By analyzing existing cross correlation between PENN NATL GAMING and Nasdaq Inc, you can compare the effects of market volatilities on PENN NATL and Nasdaq and check how they will diversify away market risk if combined in the same portfolio for a given time horizon. You can also utilize pair trading strategies of matching a long position in PENN NATL with a short position of Nasdaq. Check out your portfolio center. Please also check ongoing floating volatility patterns of PENN NATL and Nasdaq.

Diversification Opportunities for PENN NATL and Nasdaq

0.82
  Correlation Coefficient

Very poor diversification

The 3 months correlation between PENN and Nasdaq is 0.82. Overlapping area represents the amount of risk that can be diversified away by holding PENN NATL GAMING and Nasdaq Inc in the same portfolio, assuming nothing else is changed. The correlation between historical prices or returns on Nasdaq Inc and PENN NATL is a relative statistical measure of the degree to which these equity instruments tend to move together. The correlation coefficient measures the extent to which returns on PENN NATL GAMING are associated (or correlated) with Nasdaq. Values of the correlation coefficient range from -1 to +1, where. The correlation of zero (0) is possible when the price movement of Nasdaq Inc has no effect on the direction of PENN NATL i.e., PENN NATL and Nasdaq go up and down completely randomly.
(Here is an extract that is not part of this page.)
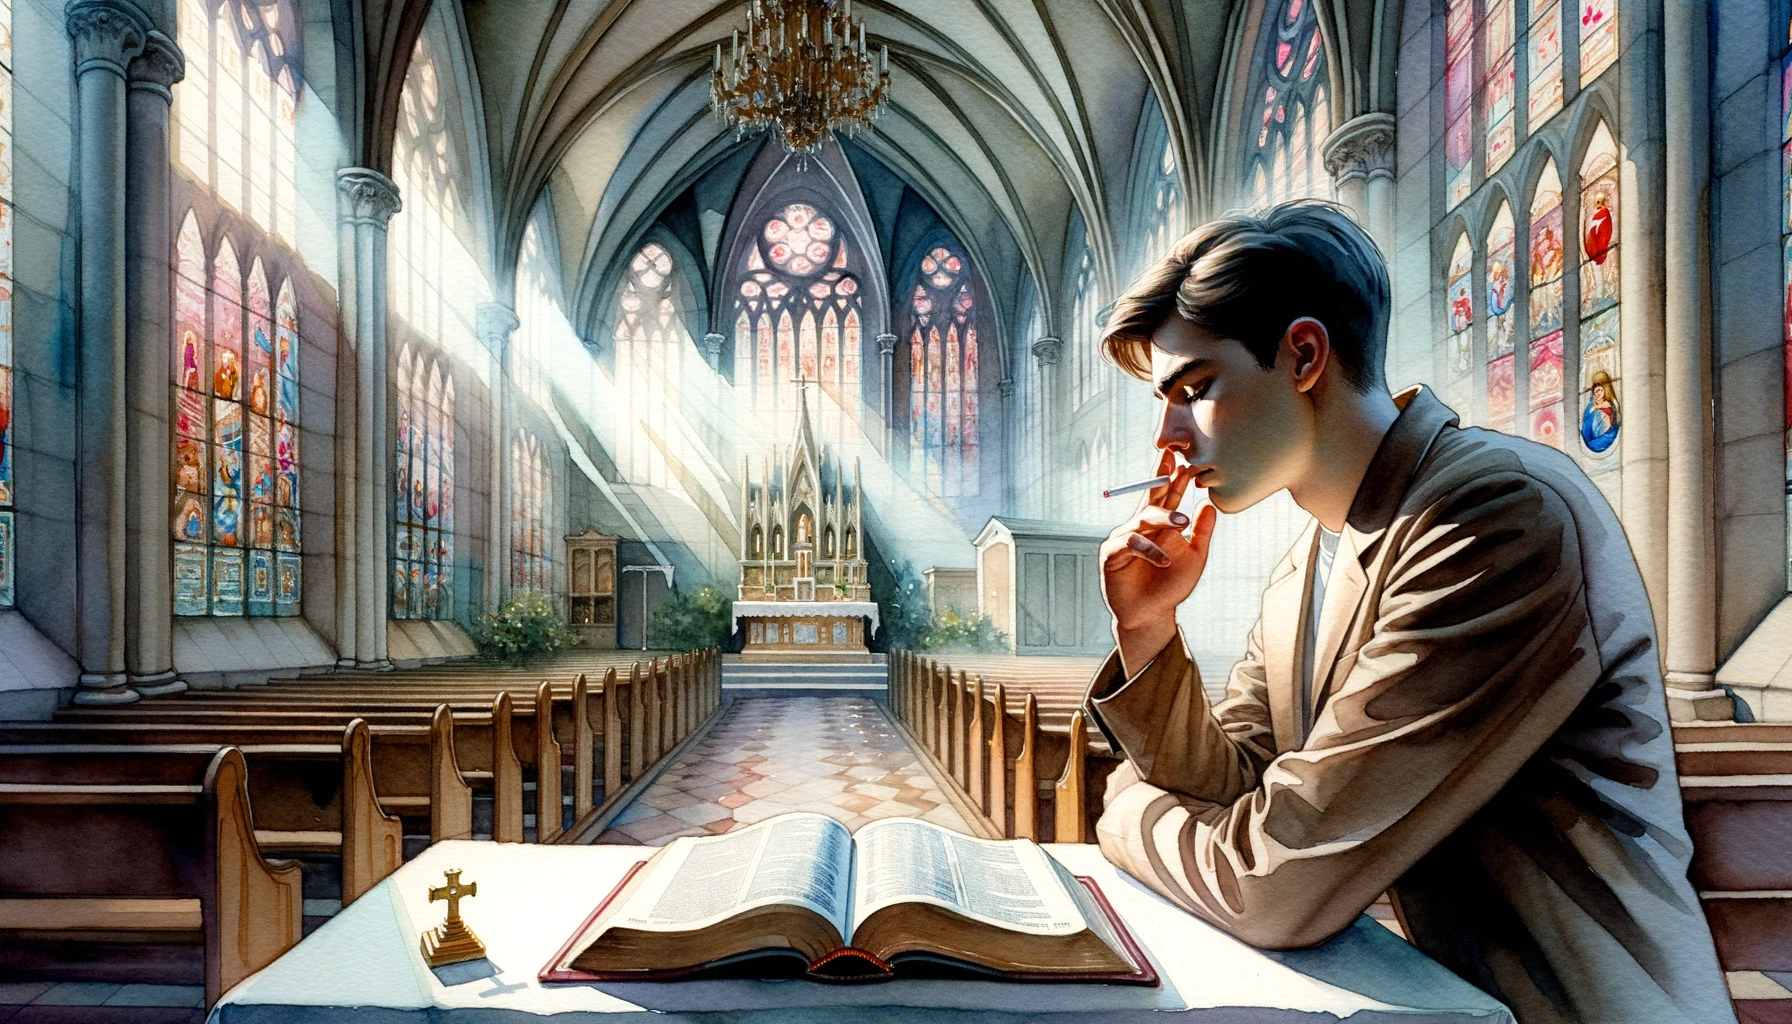 Young Christian man holding a cigarette in a temple, contemplates it, juxtaposing the act of smoking with the sacred setting.

Pair Corralation between PENN NATL and Nasdaq

Assuming the 90 days trading horizon PENN NATL GAMING is expected to generate 2.81 times more return on investment than Nasdaq. However, PENN NATL is 2.81 times more volatile than Nasdaq Inc. It trades about -0.04 of its potential returns per unit of risk. Nasdaq Inc is currently generating about -0.12 per unit of risk. If you would invest  1,939  in PENN NATL GAMING on October 10, 2024 and sell it today you would lose (63.00) from holding PENN NATL GAMING or give up 3.25% of portfolio value over 90 days.
Time Period3 Months [change]
DirectionMoves Together 
StrengthStrong
Accuracy100.0%
ValuesDaily Returns

PENN NATL GAMING  vs.  Nasdaq Inc

 Performance 
       Timeline  
PENN NATL GAMING 

Risk-Adjusted Performance

5 of 100

 
Weak
 
Strong
Modest
Compared to the overall equity markets, risk-adjusted returns on investments in PENN NATL GAMING are ranked lower than 5 (%) of all global equities and portfolios over the last 90 days. In spite of rather uncertain basic indicators, PENN NATL exhibited solid returns over the last few months and may actually be approaching a breakup point.
Nasdaq Inc 

Risk-Adjusted Performance

12 of 100

 
Weak
 
Strong
Good
Compared to the overall equity markets, risk-adjusted returns on investments in Nasdaq Inc are ranked lower than 12 (%) of all global equities and portfolios over the last 90 days. Despite nearly fragile basic indicators, Nasdaq may actually be approaching a critical reversion point that can send shares even higher in February 2025.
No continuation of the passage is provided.